Somewhere along this equestrian path, I've let it convince me that I need to change. I do not need to change; I can not change. I can develop, but I can not change. I am me, and I am a seeker of rhythm. I often find my own rhythm, baffling everyone else in the process, but it is my drum and not theirs. 

I need to go back to trusting myself as far as finding rhythm. When I am open to rhythm, I have patience in myself and the time it takes to do something. I have enough to work on, what with developing myself physically, and absorbing the knowledge that presents itself to me. Over analyzing and getting caught up in a frantic prey type mindset is only going to prevent me from grasping the rhythm, riding it, getting comfortable with it, and becoming one with what is happening. 

When I ride on Friday, I am going to be open to the rhythm; The beat of the horse, the balance of my seat, the softness of my hands and how they work in rhythm with the horse. When my teacher teaches me, I will translate her corrections into my rhythm. I will communicate what I feel, because I am learning the rhythm of this new world, and rhythm is one of those delicate intangibles that must constantly be felt and shared and molded to as well as molded in order to develop and become beautiful.


----------



## tinyliny (Oct 31, 2009)

with regard to the attention of the horse and it nudging on someone while you have been talking , my teacher says, '
"if you leave the horse, he'll leave you'. meaning, if you let your attention wander, your horse will leave you, mentally and sometimes physically. to a certain extent , you must always be with your hrose, even if it's peripheral vision, peripheral hearing, peripheral space.

love your blog.


----------



## MaximasMommy (Sep 21, 2013)

tinyliny said:


> with regard to the attention of the horse and it nudging on someone while you have been talking , my teacher says, '
> "if you leave the horse, he'll leave you'. meaning, if you let your attention wander, your horse will leave you, mentally and sometimes physically. to a certain extent , you must always be with your hrose, even if it's peripheral vision, peripheral hearing, peripheral space.
> 
> love your blog.


Thank you so much for that tip. It reminds me of a video I was watching on youtube. The rider, who was explaining something to the camera, was softly moving the bit in the horse's mouth. You could feel them through the camera, like looking at a couple in love, constantly touching, glancing at, feeling each other. No one was more important to the other than the being they were partnered to at that moment. That's what I felt horsemanship would be, in my starry eyed dreams. 

Writing this journal, and sorting through my experience, is bringing the romance back into my endeavor. I decided to ditch the "how to's" and just watch the Olympians, the "Masters", to let their energy inspire and mold my subconscious. What a world that has unlocked. Nuno Oliveira, what a _force_; what a being! So subtle, so in tune with the movement; and to watch him work with a horse, to feel the moment they shared, it made me feel like I was watching something almost sacred. It made me wonder if anyone should watch, which of course everyone should; but, the intimacy between horse and rider felt almost indecent to intrude upon. If that makes sense. 

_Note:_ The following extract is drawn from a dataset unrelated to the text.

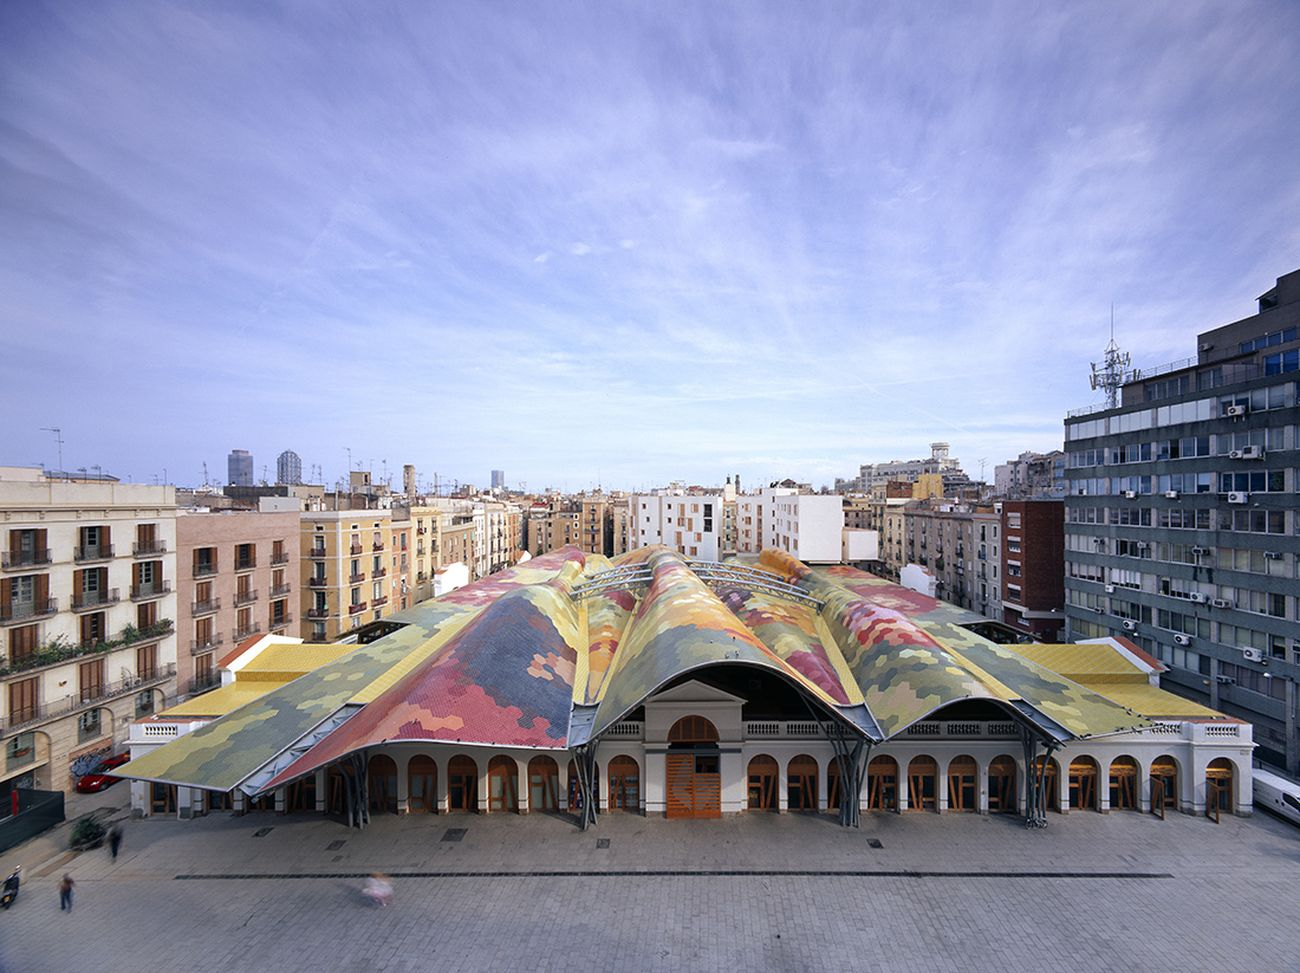 Santa Caterina Market, Barcellona, Spagna. 2005. Photo Roland Halbe. Courtesy studio EMBT

Up to this point, everything I have seen besides some Olympic level riders, has felt disjointed and forced. No wonder I was feeling that way myself, seeking inspiration and knowledge from such sources. Yes, I am a beginner, and I'm a decade, or decades, from such fluidity; but, I know even a beginner can sense what is natural and beautiful. 

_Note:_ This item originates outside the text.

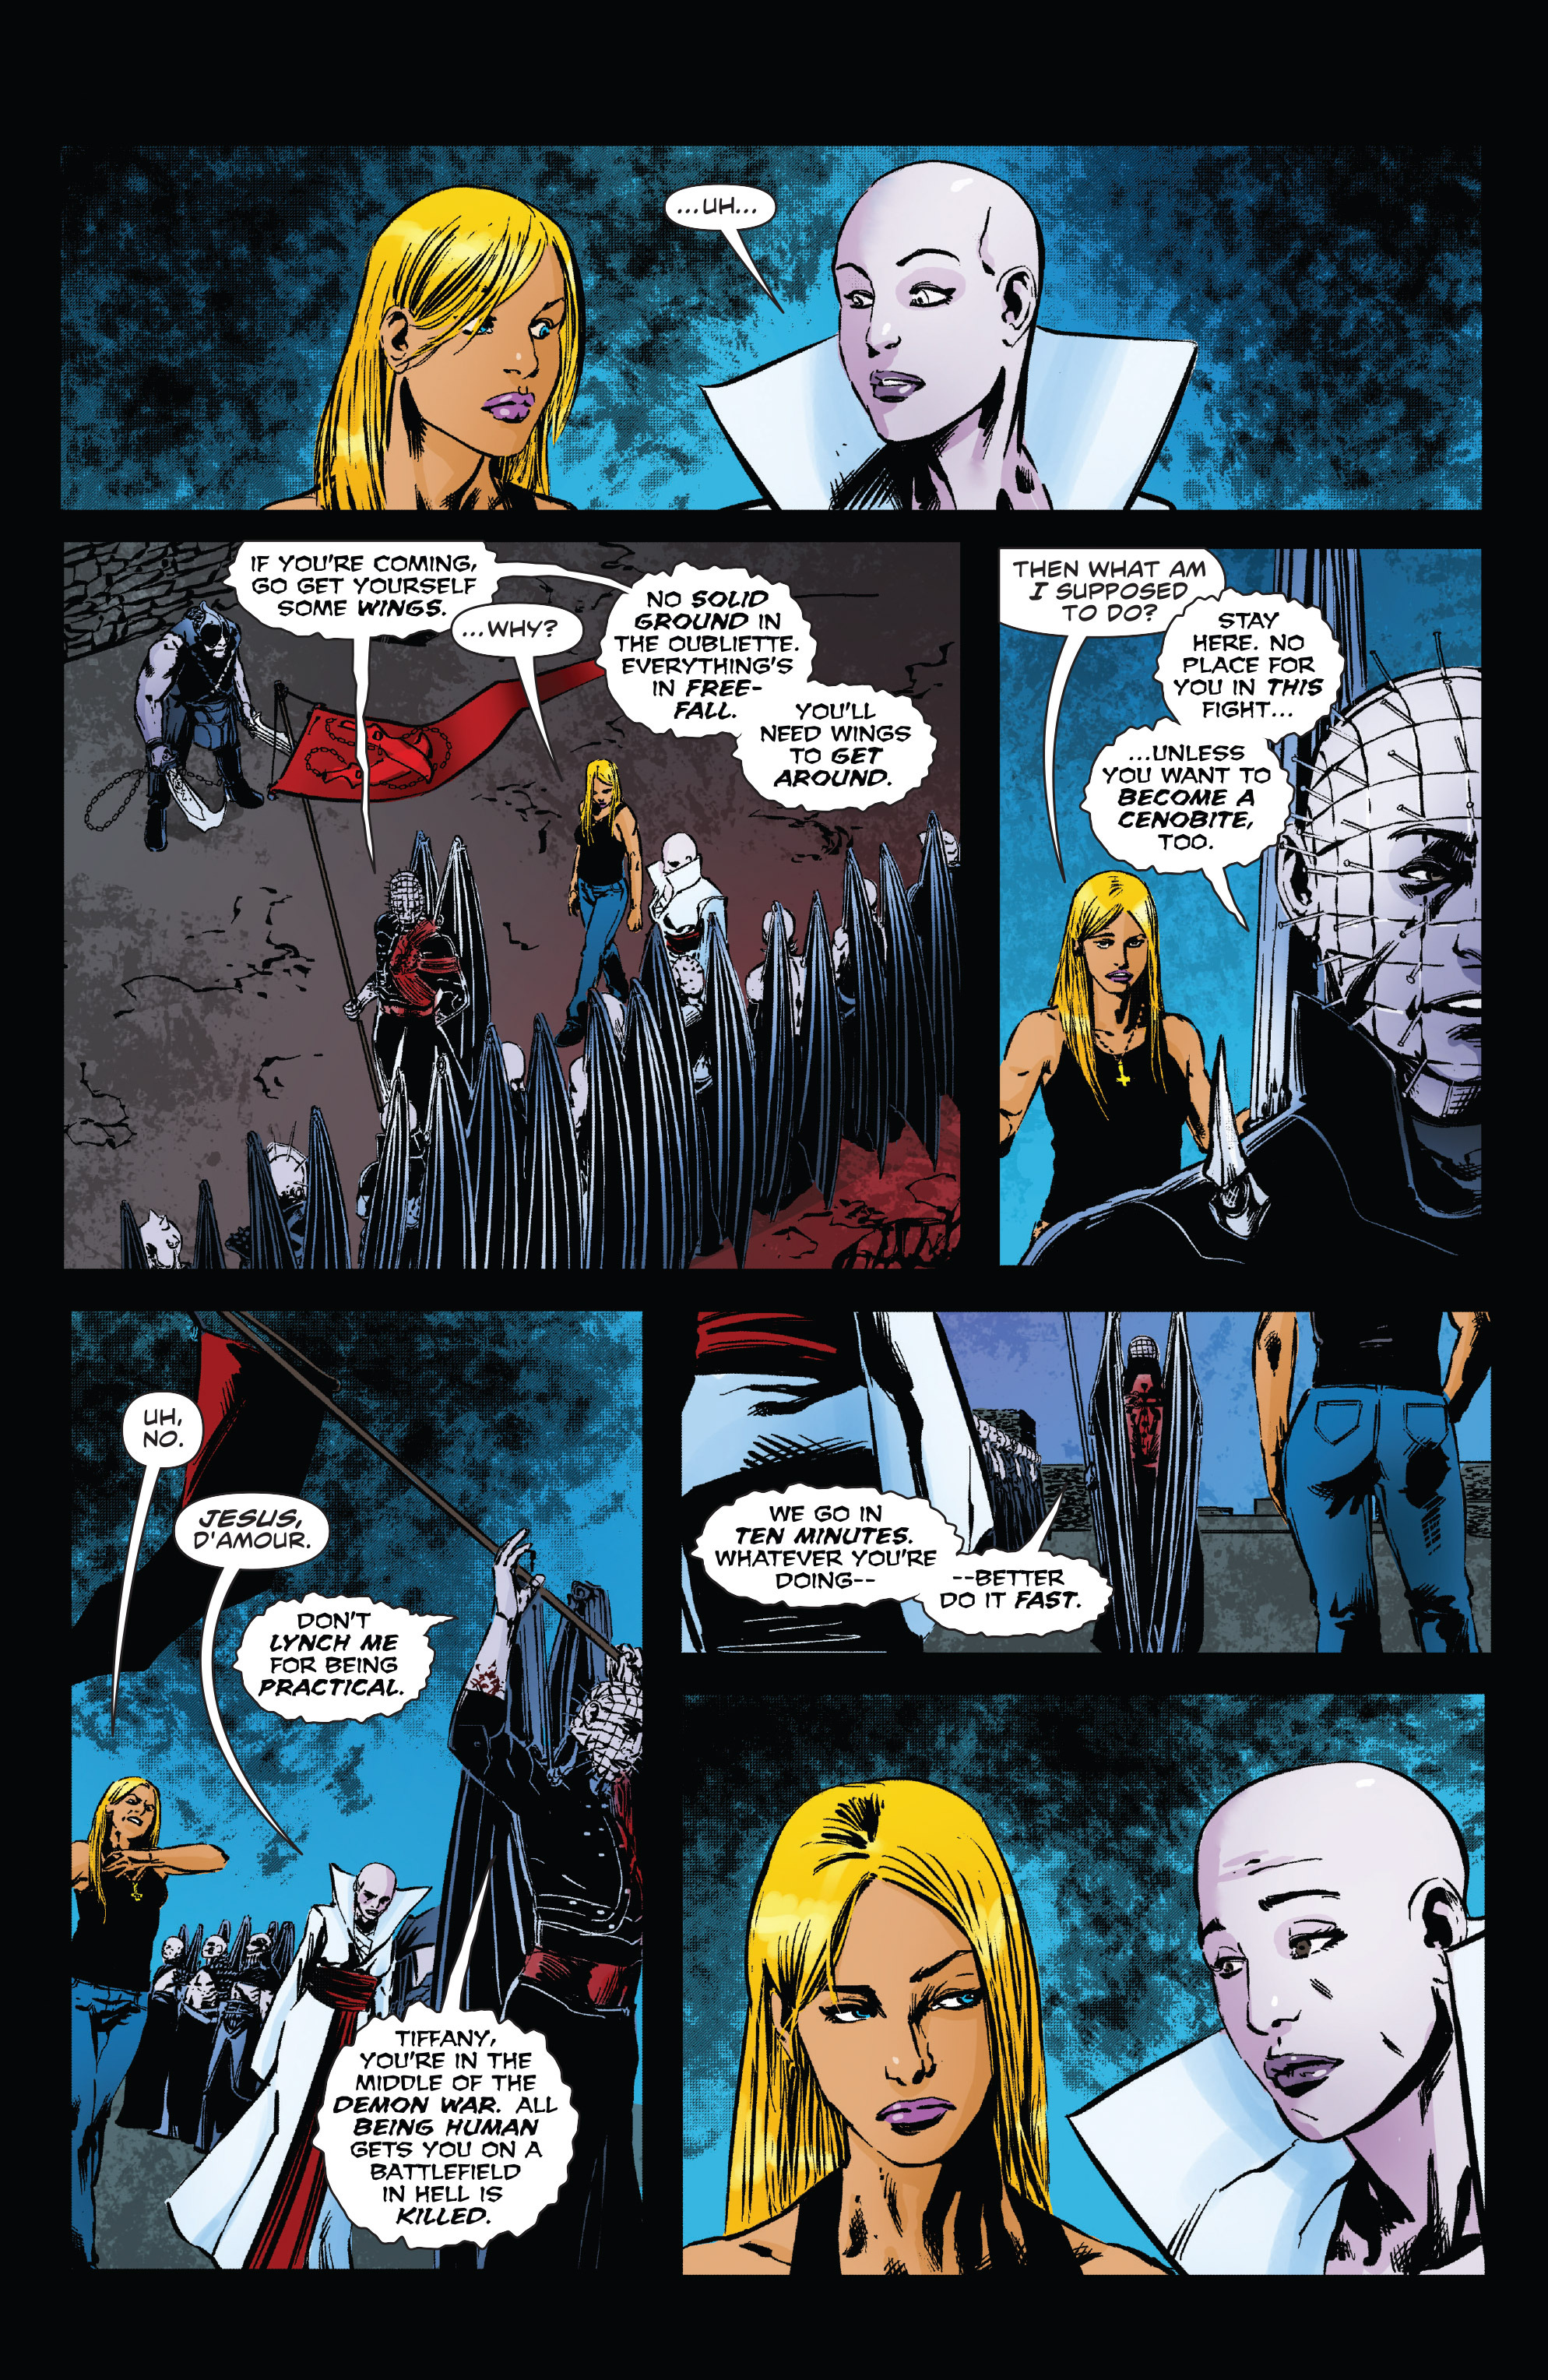 Read online Clive Barker's Hellraiser: The Dark Watch comic -  Issue # TPB 3 - 63

I've been following this rhythm tonight, like an unquenchable thirst, and ended up buying a book off amazon that felt right. The Complete Training of Horse and Rider in the Principles of Classic Horsemanship, by Alois Podhajsky, a former director of the Spanish Riding School in Vienna. What better book to learn from than one by a man who oversaw the training of Lipizzans, when my special boy is none other than a Lipizzan! 

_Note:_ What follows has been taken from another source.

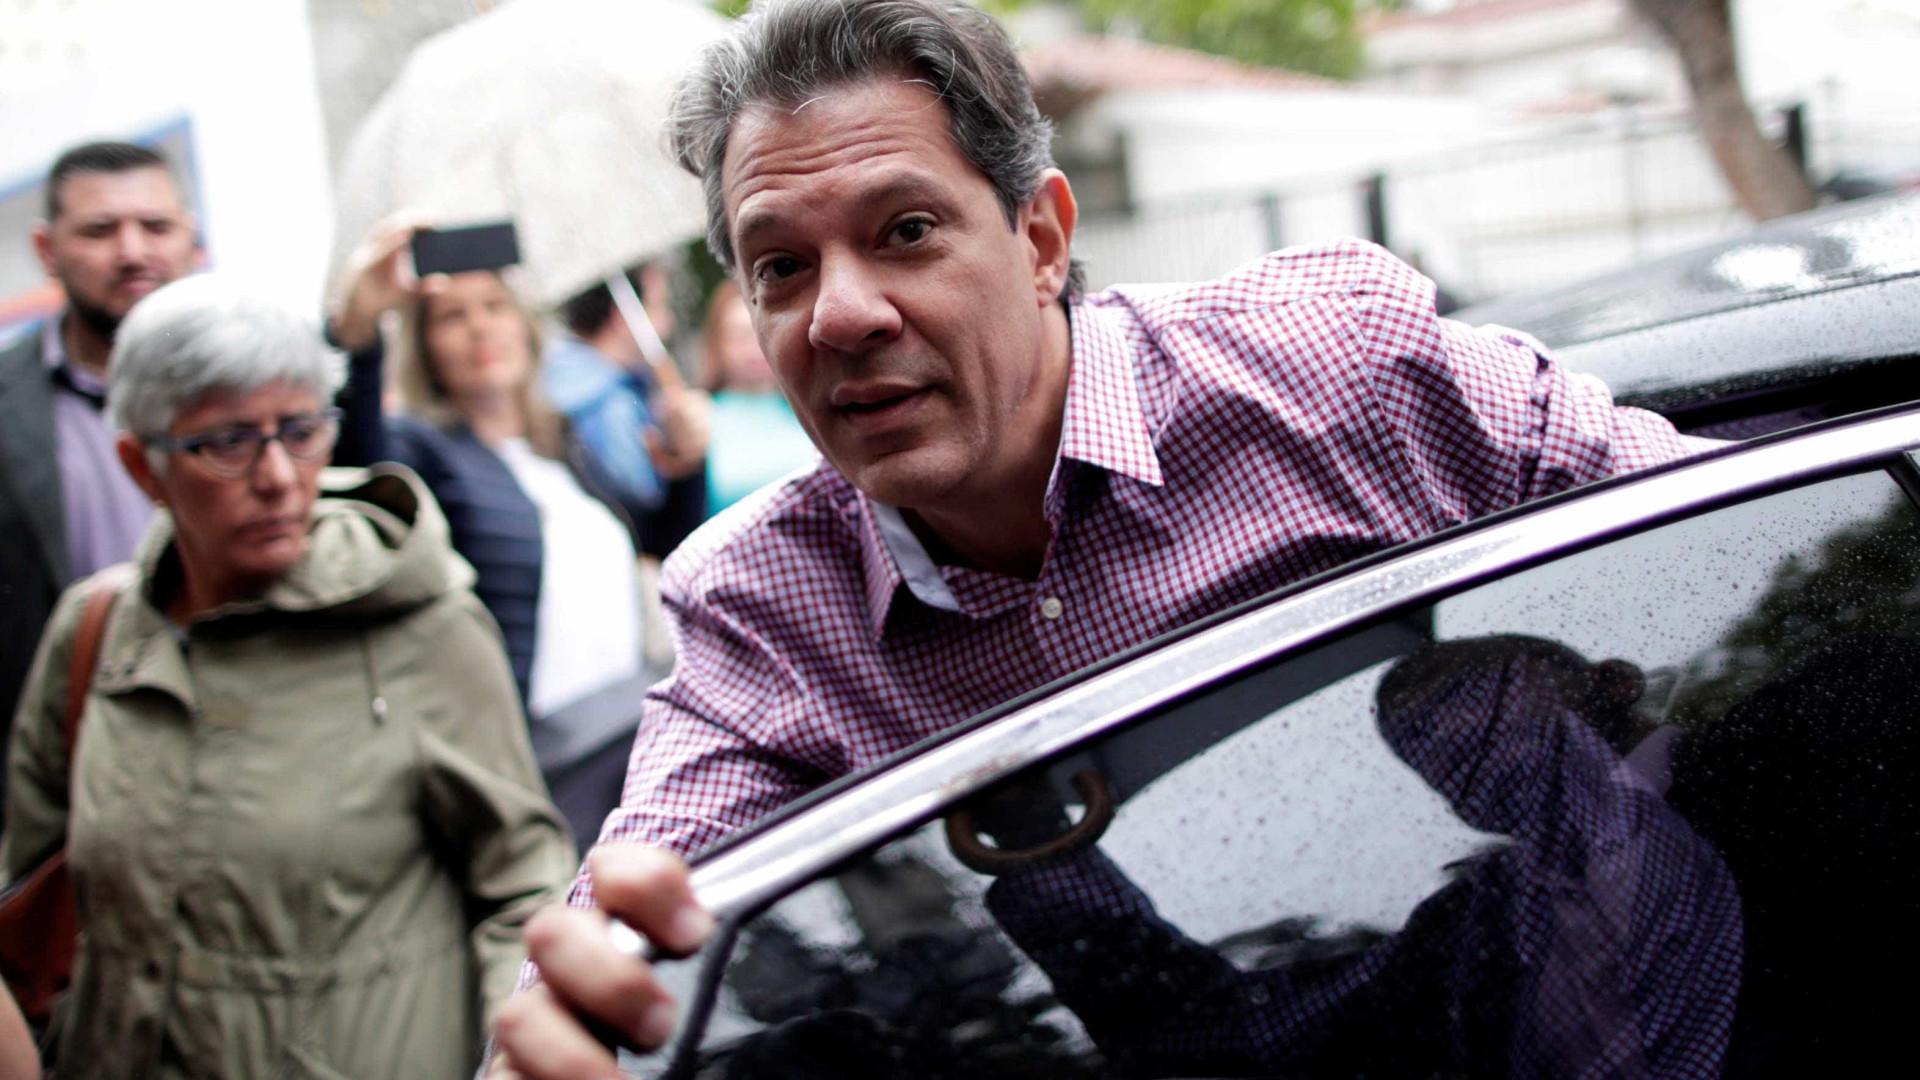 Na TV, Haddad mostrará incoerência de Bolsonaro sobre Bolsa Família

I'm opening myself completely. I'm watching beautiful riders, not trying to interpret their commands, just let the poetry of their movement seep into me. I'm reading, rereading, letting the knowledge flow through the web of my conscious mind and find root in my subconscious. I'm not to the point where focusing on a subtle nuance or special movement will do my riding any favors. I know that consuming a subtle nuance, or special movement, will let it cultivate and blossom into my conscious mind when the moment comes forward. 

Right now, your tip is what I need to focus on. I am with the horse, touching, talking, learning; that is the basic building block that I need in order to grasp technique and ability. You have been sent to me by an angel <3


----------



## MaximasMommy (Sep 21, 2013)

Today's lesson was good and then bad. 

I ended up riding the older lesson horse at the barn. He's 30+ and super sweet. I was cleaning out his hooves, and felt him turn his head around to me. I thought of moving but sometime told me it was gonna be just fine. Then I felt his tongue licking my back like a big puppy. He's so sweet. 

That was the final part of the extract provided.